→ Source material:
-*-

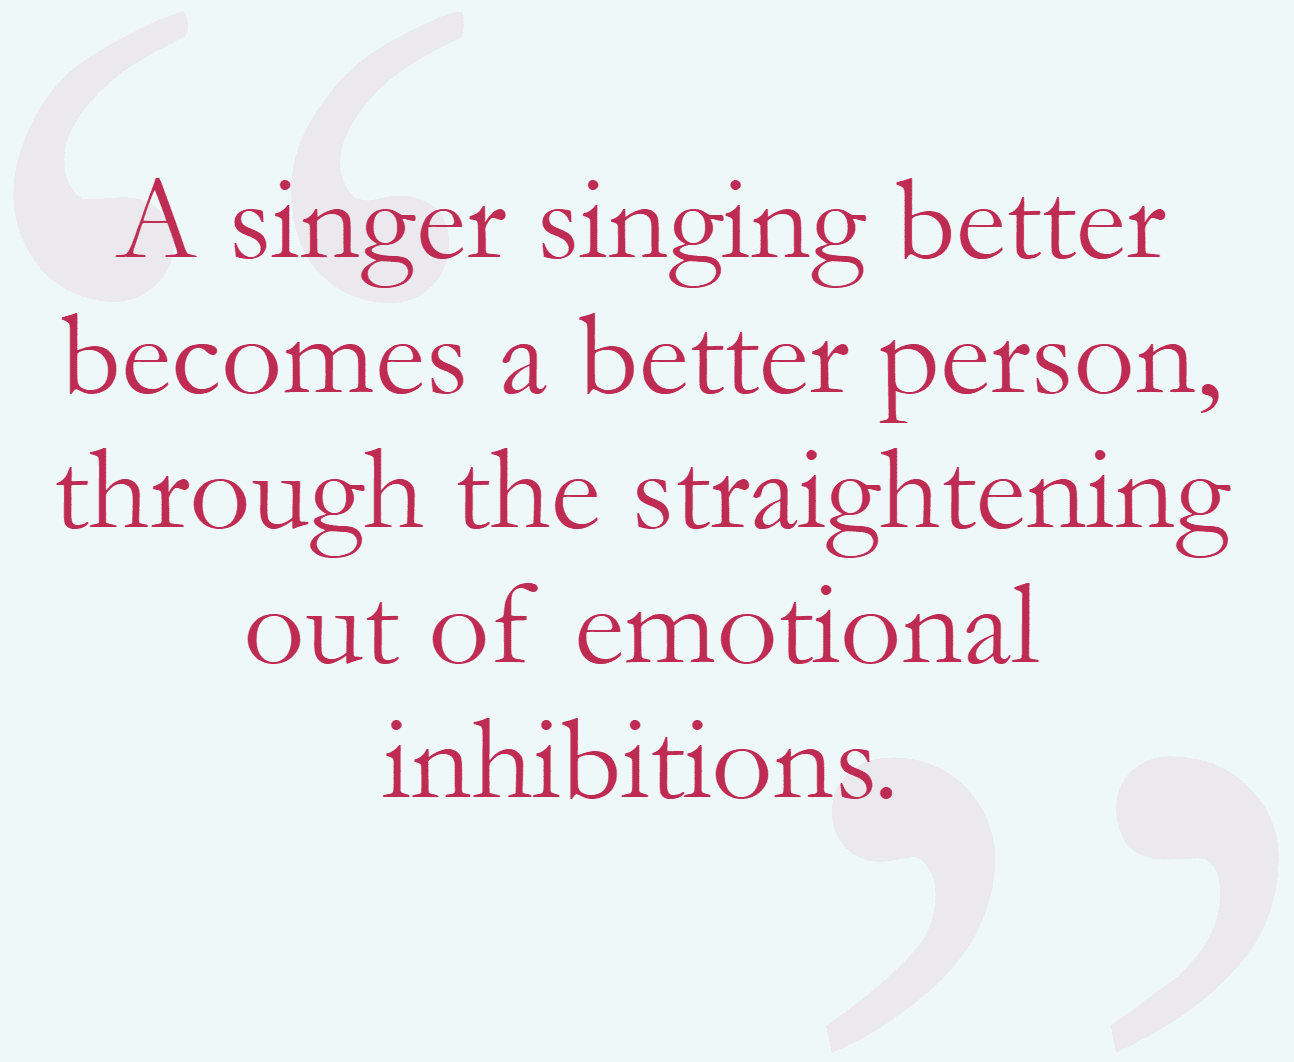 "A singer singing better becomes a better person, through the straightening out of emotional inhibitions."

-*-

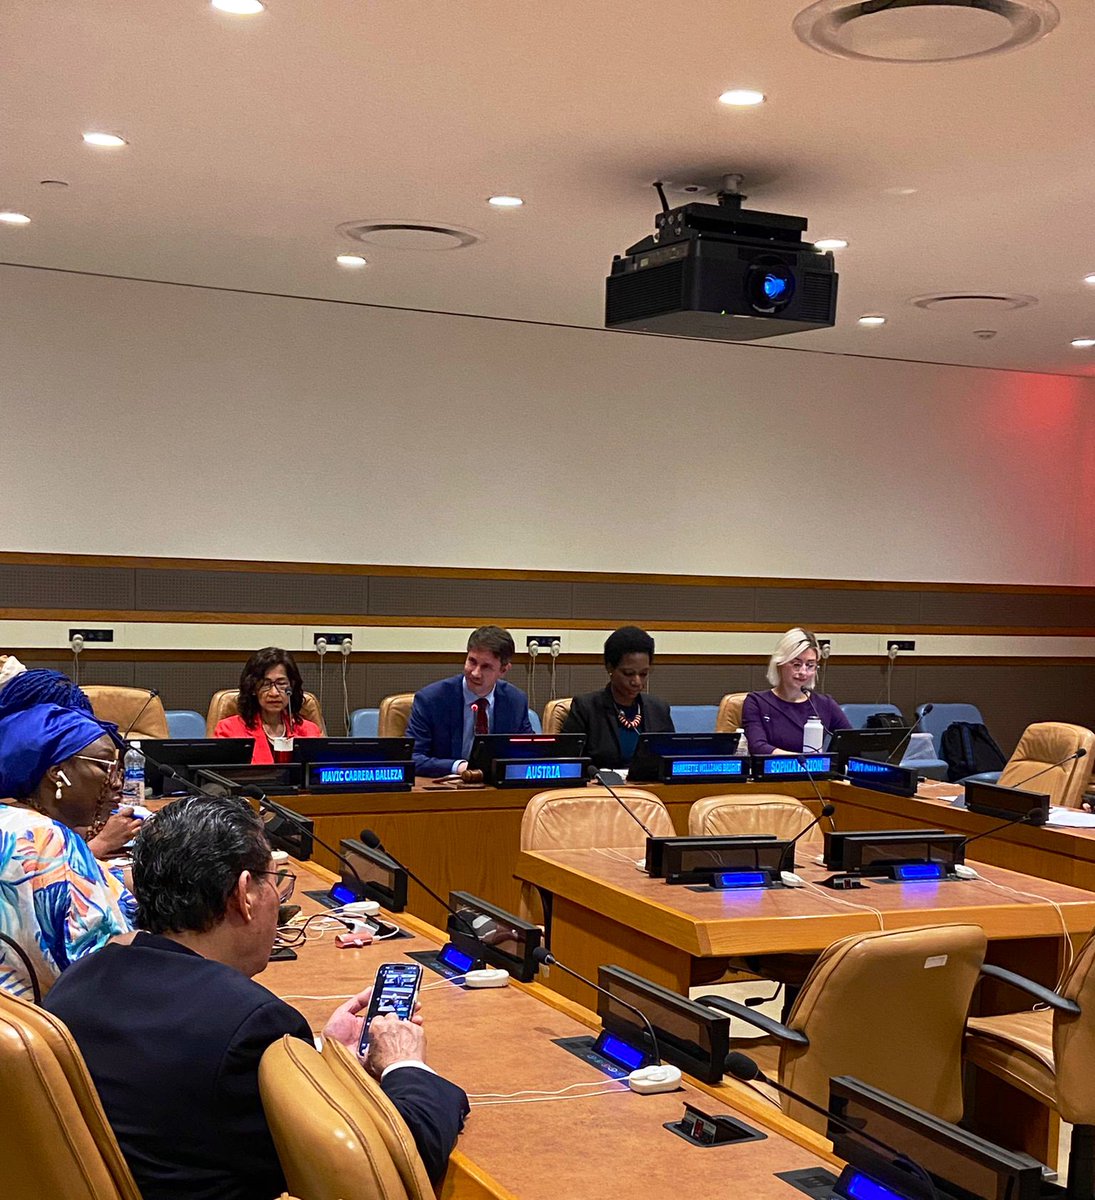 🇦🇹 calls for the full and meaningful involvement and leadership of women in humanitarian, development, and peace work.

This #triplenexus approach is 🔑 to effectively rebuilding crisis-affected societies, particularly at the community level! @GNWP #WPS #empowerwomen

-*-

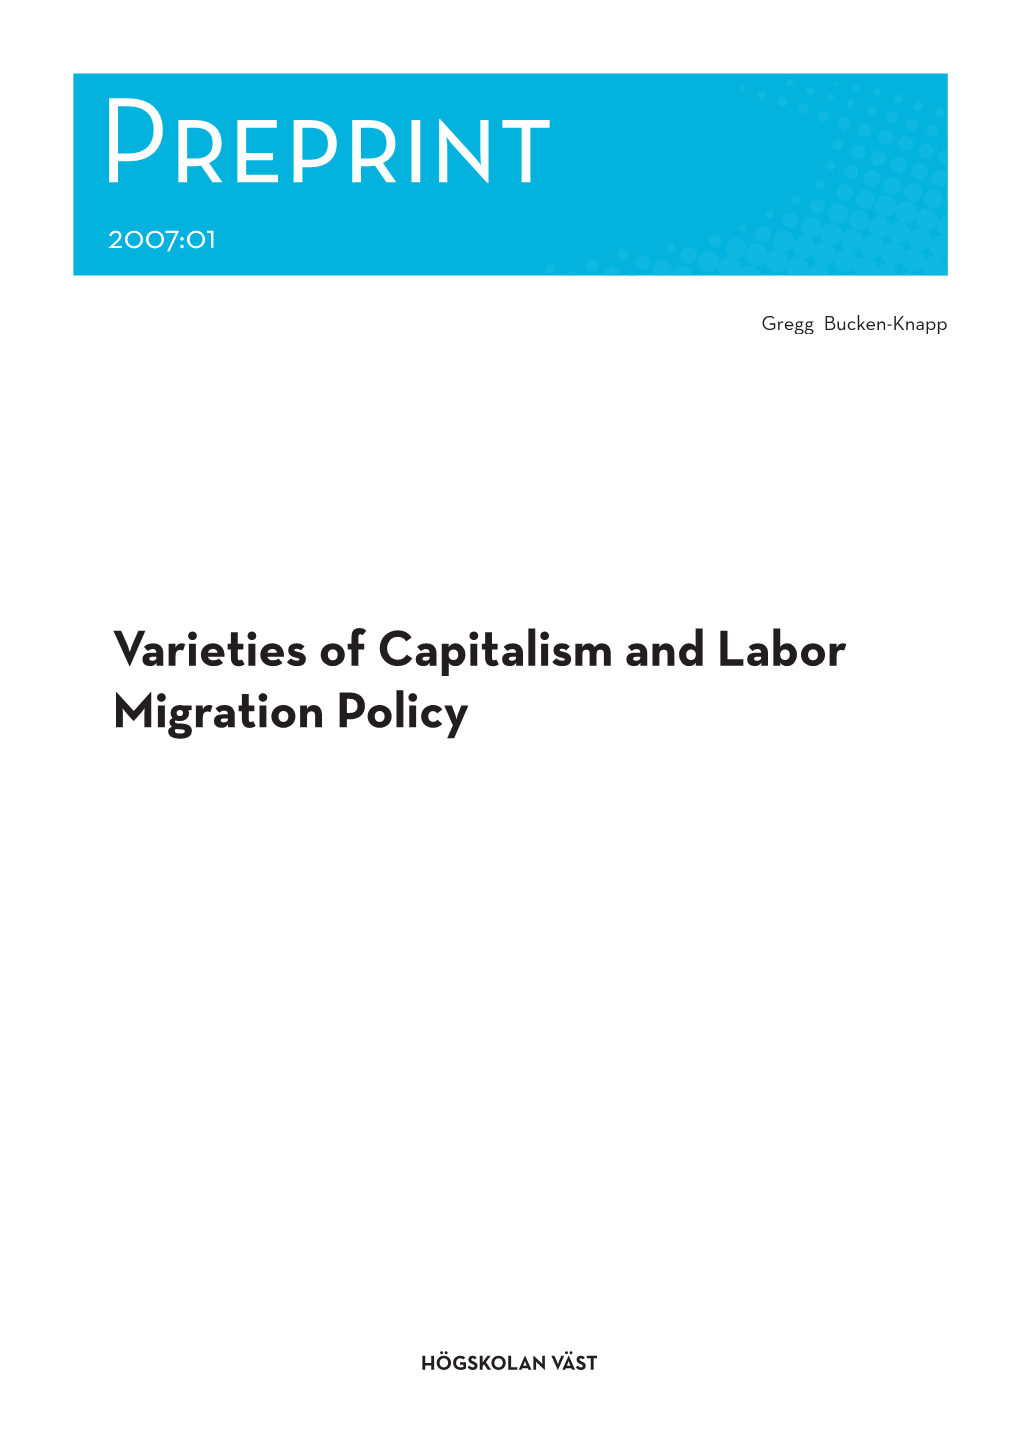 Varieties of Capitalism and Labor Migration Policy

-*-

→ Problem statement: Within the material above, only the stretch from the line holding "and peace work." through the line holding "This #triplenexus approach" is to be restated exactly. Pictures are dropped.

→ Output of the exercise:
 🇦🇹 calls for the full and meaningful involvement and leadership of women in humanitarian, development, and peace work.

This #triplenexus approach is 🔑 to effectively rebuilding crisis-affected societies, particularly at the community level! @GNWP #WPS #empowerwomen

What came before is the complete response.